The next time you are bored, grab a piece of lined paper and rip off the margin. See what interesting angles you can fit on it. If you fold along the right creases, you can turn your strip of paper into a regular (star) {n/a}-gon. To do this, pick a pair of creases that meet at the top edge such that the angle between them is aπ/n. Find n such pairs of creases that are equally spaced along the piece of paper, and fold and twist until your polygon/star is complete.

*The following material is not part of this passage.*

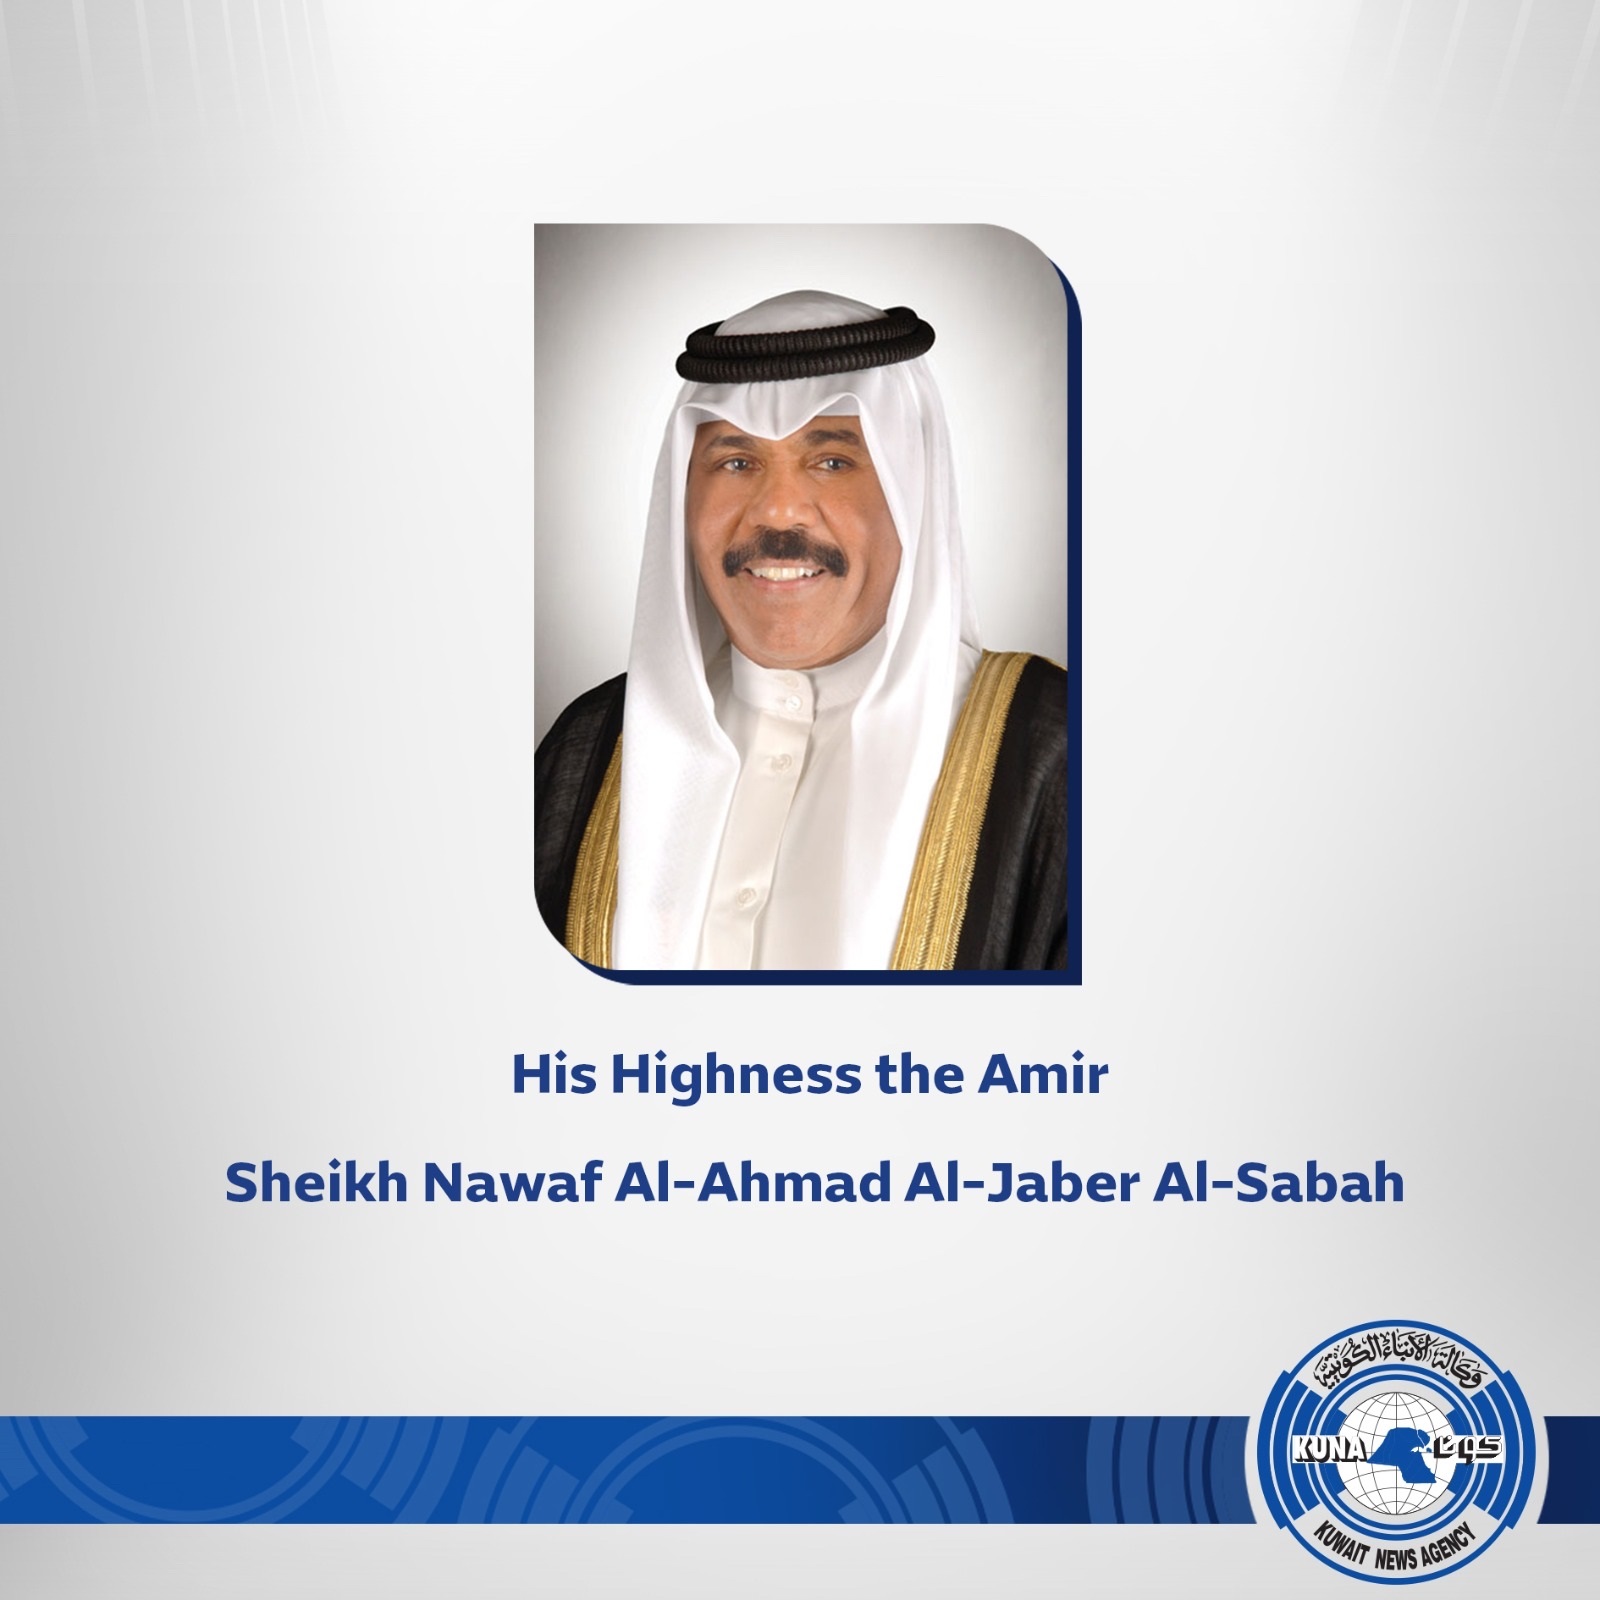 Kuwait Amir congratulates Jordan King on coronation anniv.

Try and think of a better way to impress your math buddies than by making a perfect 17-pointed star.

**Quasi-Proof:** Let α_{0}=a_{0}π/n be acute. Let's say n=1 and 0<a_{0}<1/2 is rational. If α_{l+1} is created by a fold of α_{l}, a_{l+1}=a_{l}/2. If α_{l+1} is created by a switchfold of α_{l}, a_{l+1}=(1-a_{l})/2.
Let's say our algorithm consists of j_{1}-1 folds, followed by a switchfold, then j_{2}-1 folds, followed by a switchfold, ..., then a switchfold, then j_{k}-1folds:

a_{j1-1}=a_{0}/2^{j1-1}

a_{j1}=(1-a_{0}/2^{j1-1})/2=(1-a_{0})/2^{j1}

a_{j2+j1-1}=(1-a_{0})/2^{j2+j1-1}

a_{j2+j1}=(1-(1-a_{0})/2^{j2+j1-1})/2=(2^{j2+j1}-1+a_{0})/2^{j2+j1}

.

.

.

The more switchfolds you do, the larger the non-a_{0} term in the numerator grows, until a_{0} is negligible. Therefore, any algorithm with switchfolds, repeated enough times, will yield a result regardless of the original choice of a_{0}. In the case of an algorithm composed of all folds would yield an angle of 0, which is not terribly interesting, nor is it included in the algorithm. QED

Source:

Polster, Burkard. *Variations on a Theme in Paper Folding* The American Mathematical Monthly. Jan 2004, Vol 111, #1 pp 39-47.